Tuning spin-charge interconversion with quantum confinement in ultrathin Bi/Ge(111) films

TL;DR

This study demonstrates that quantum confinement in ultrathin Bi/Ge(111) films significantly enhances spin-charge interconversion efficiency at room temperature, promising scalable spintronic applications.

Contribution

It reveals how quantum size effects in nanometric Bi islands boost SCI efficiency, combining advanced characterization with direct quantification methods.

Findings

Quantum confinement enhances SCI efficiency in Bi/Ge(111) films.

Room temperature SCI efficiency is significantly increased.
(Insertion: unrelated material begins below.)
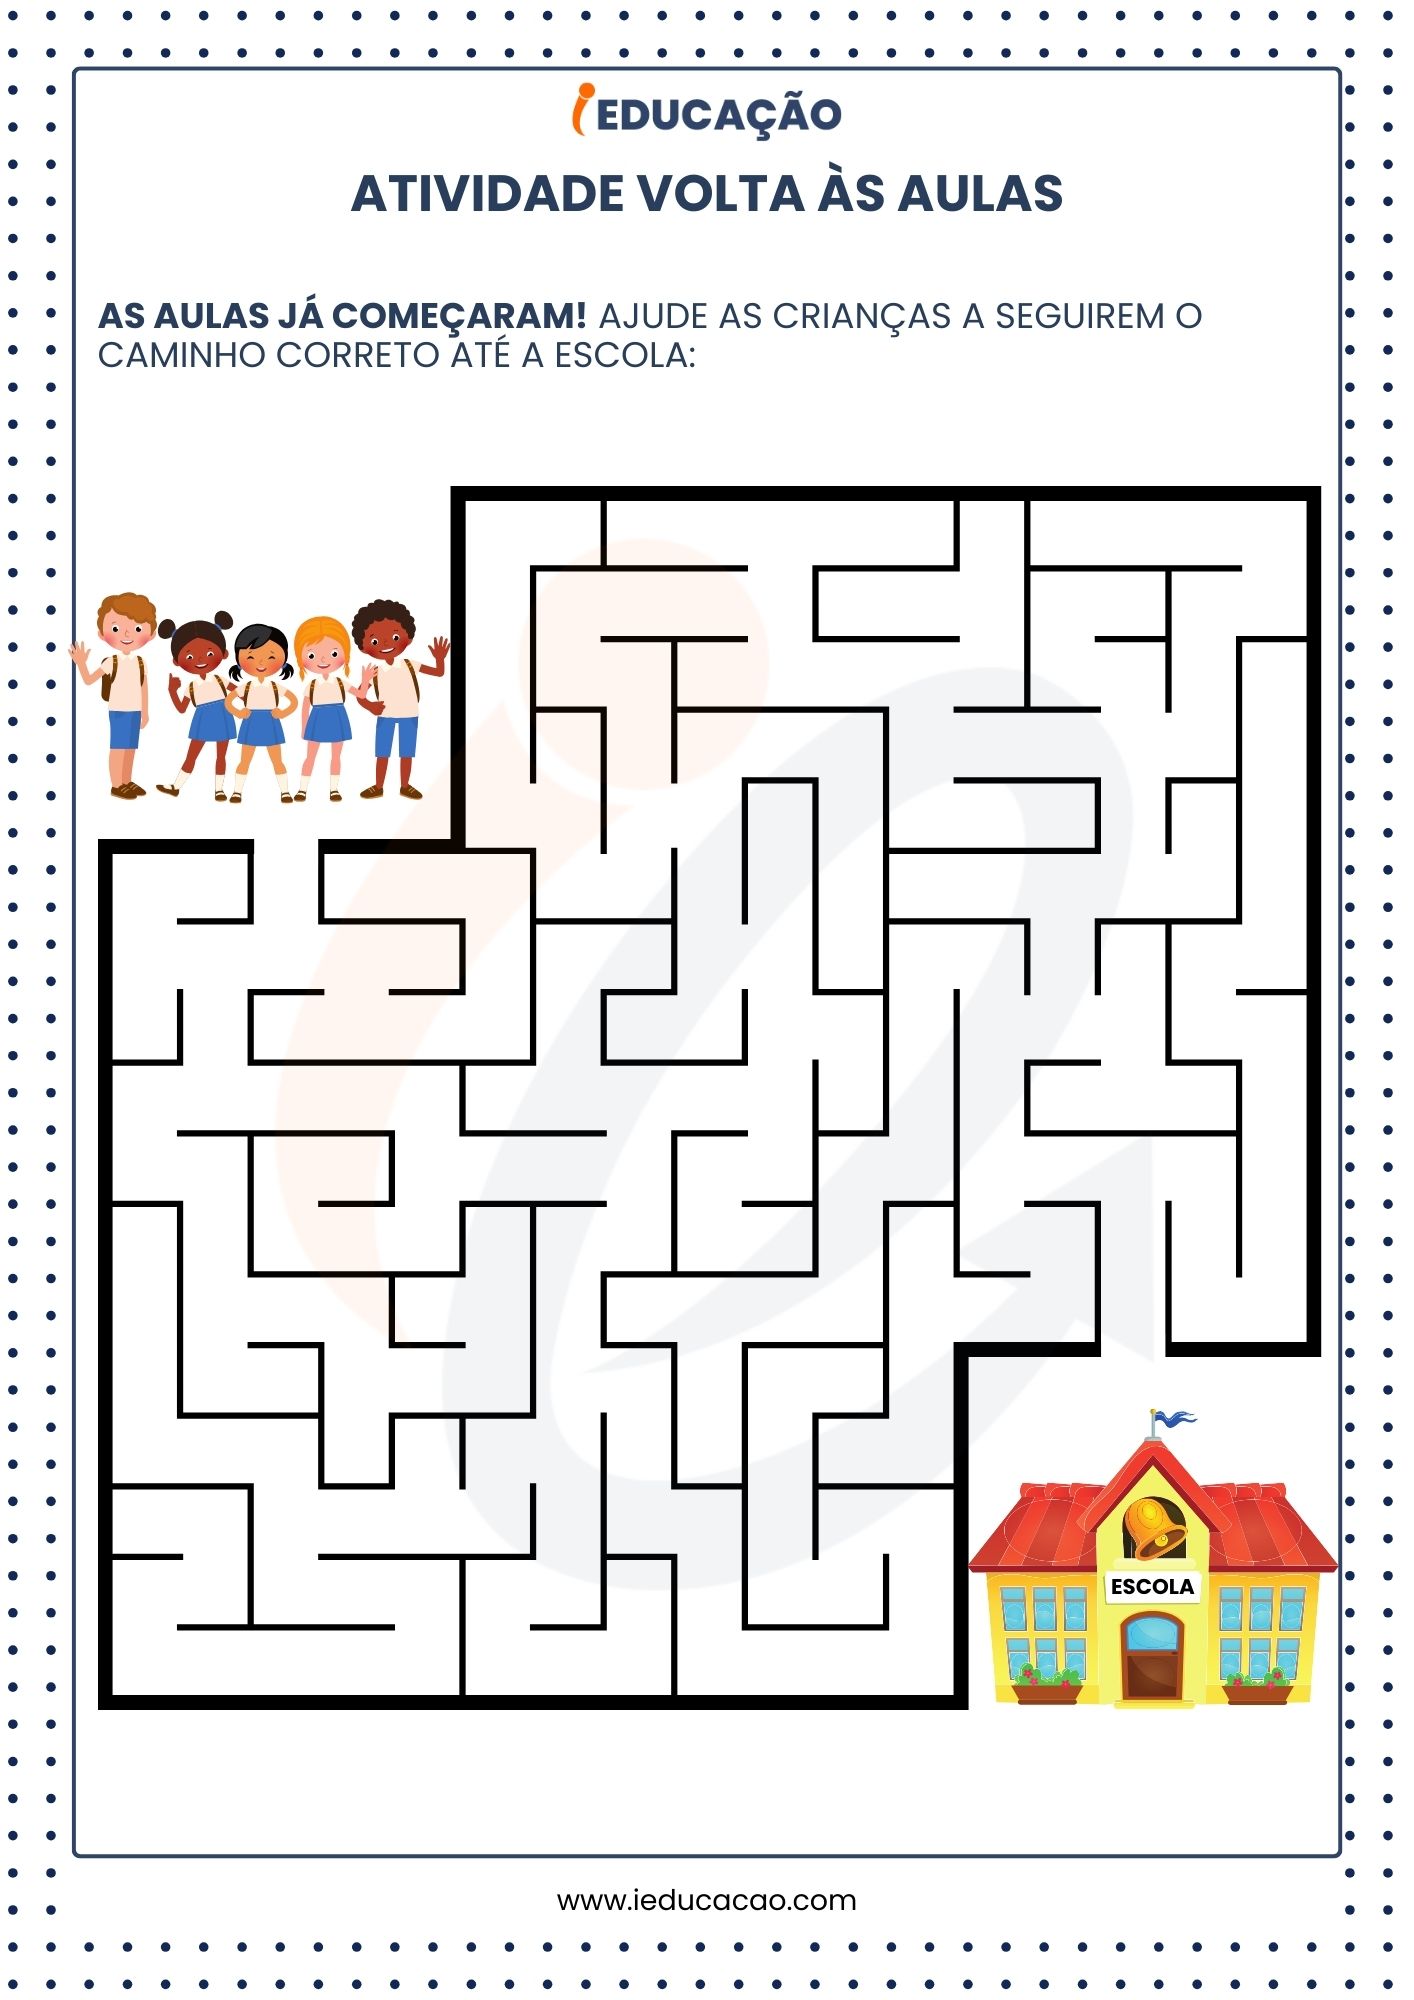 Atividades Volta às Aulas para Educação Infantil - Atividade Labirinto.jpg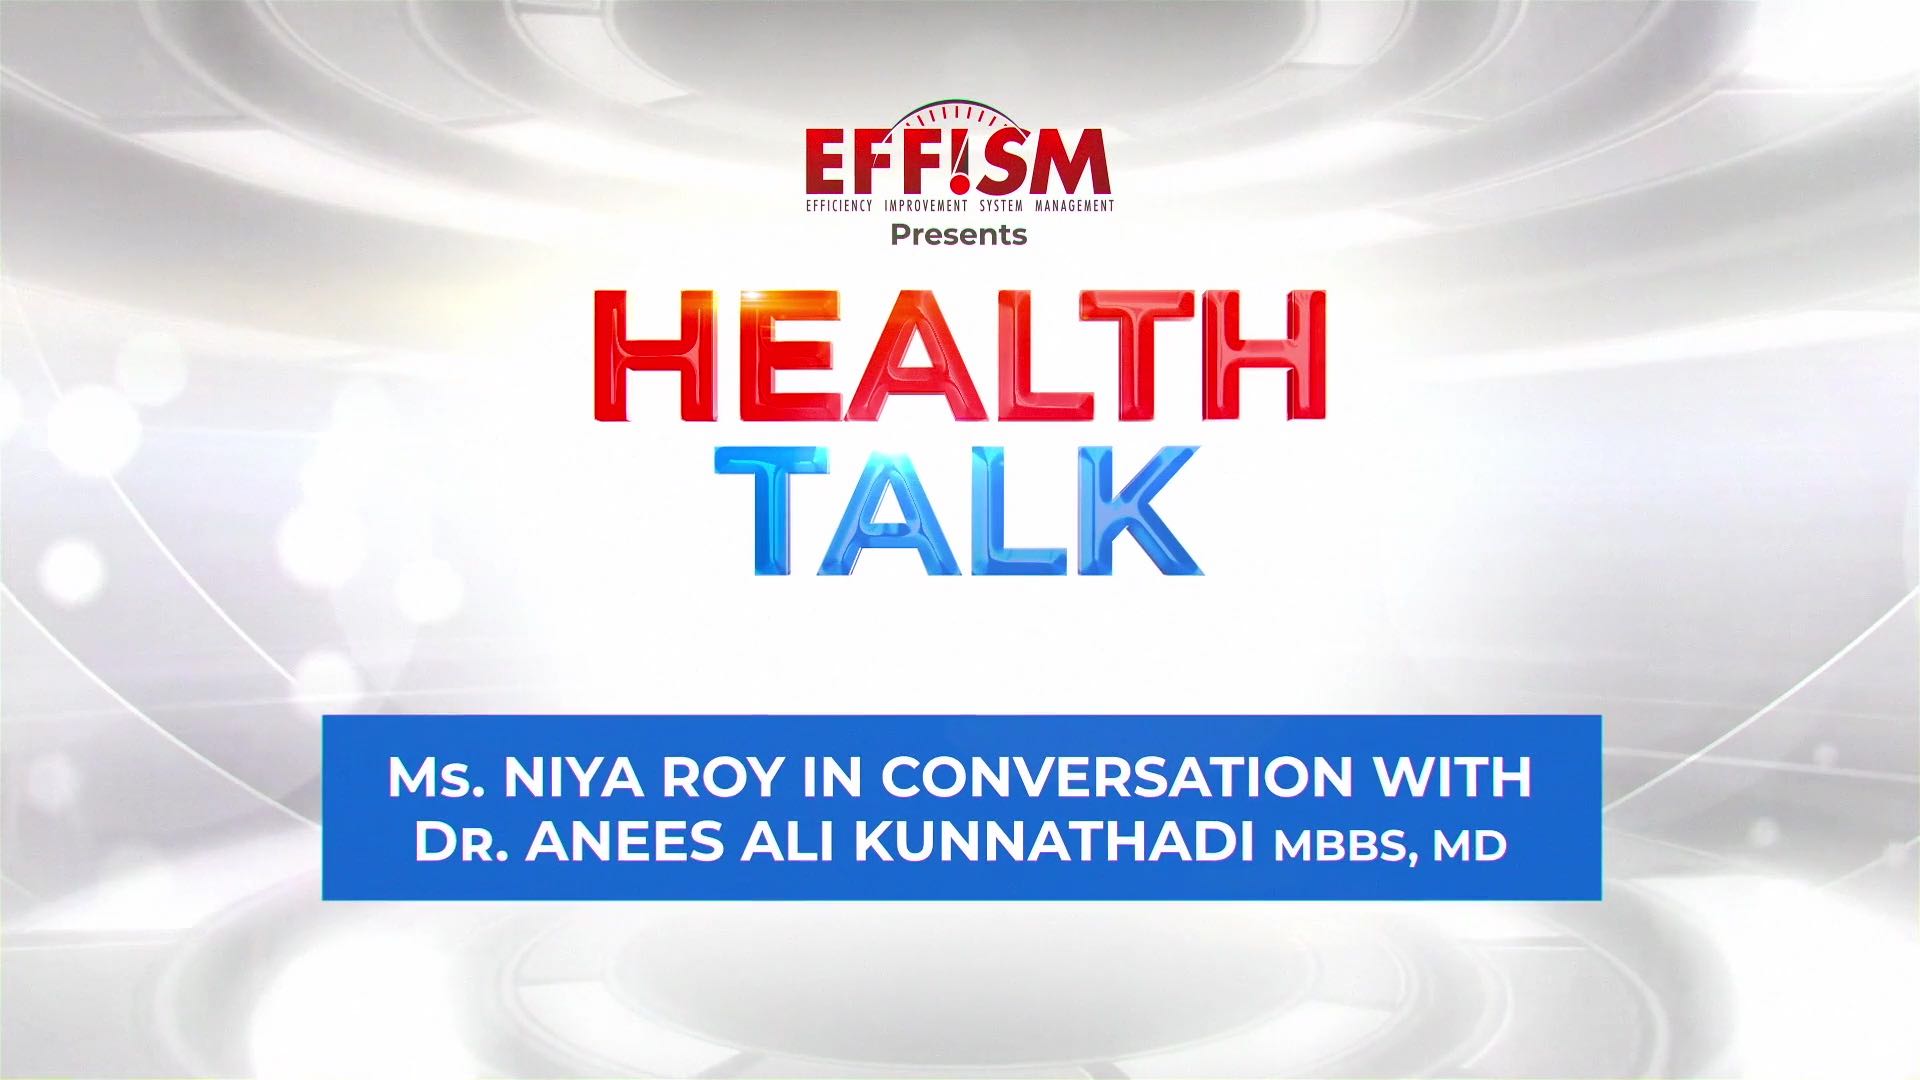 Ms. Niya Roy in conversation with Dr. Anees Ali Kunnathadi

Structural and electronic properties are characterized by XRD, STM, and S-ARPES.

Abstract

Spin-charge interconversion (SCI) phenomena have attracted a growing interest in the field of spintronics as means to detect spin currents or manipulate the magnetization of ferromagnets. The key ingredients to exploit these assets are a large conversion efficiency, the scalability down to the nanometer scale and the integrability with opto-electronic and spintronic devices. Here we show that, when an ultrathin Bi film is epitaxially grown on top of a Ge(111) substrate, quantum size effects arising in nanometric Bi islands drastically boost the SCI efficiency, even at room temperature. Using x-ray diffraction (XRD), scanning tunneling microscopy (STM) and spin- and angle-resolved photoemission (S-ARPES) we obtain a clear picture of the film morphology, crystallography and electronic structure. We then exploit the Rashba-Edelstein effect (REE) and inverse Rashba-Edelstein effect (IREE) to directly quantify the SCI efficiency using optical and electrical spin injection.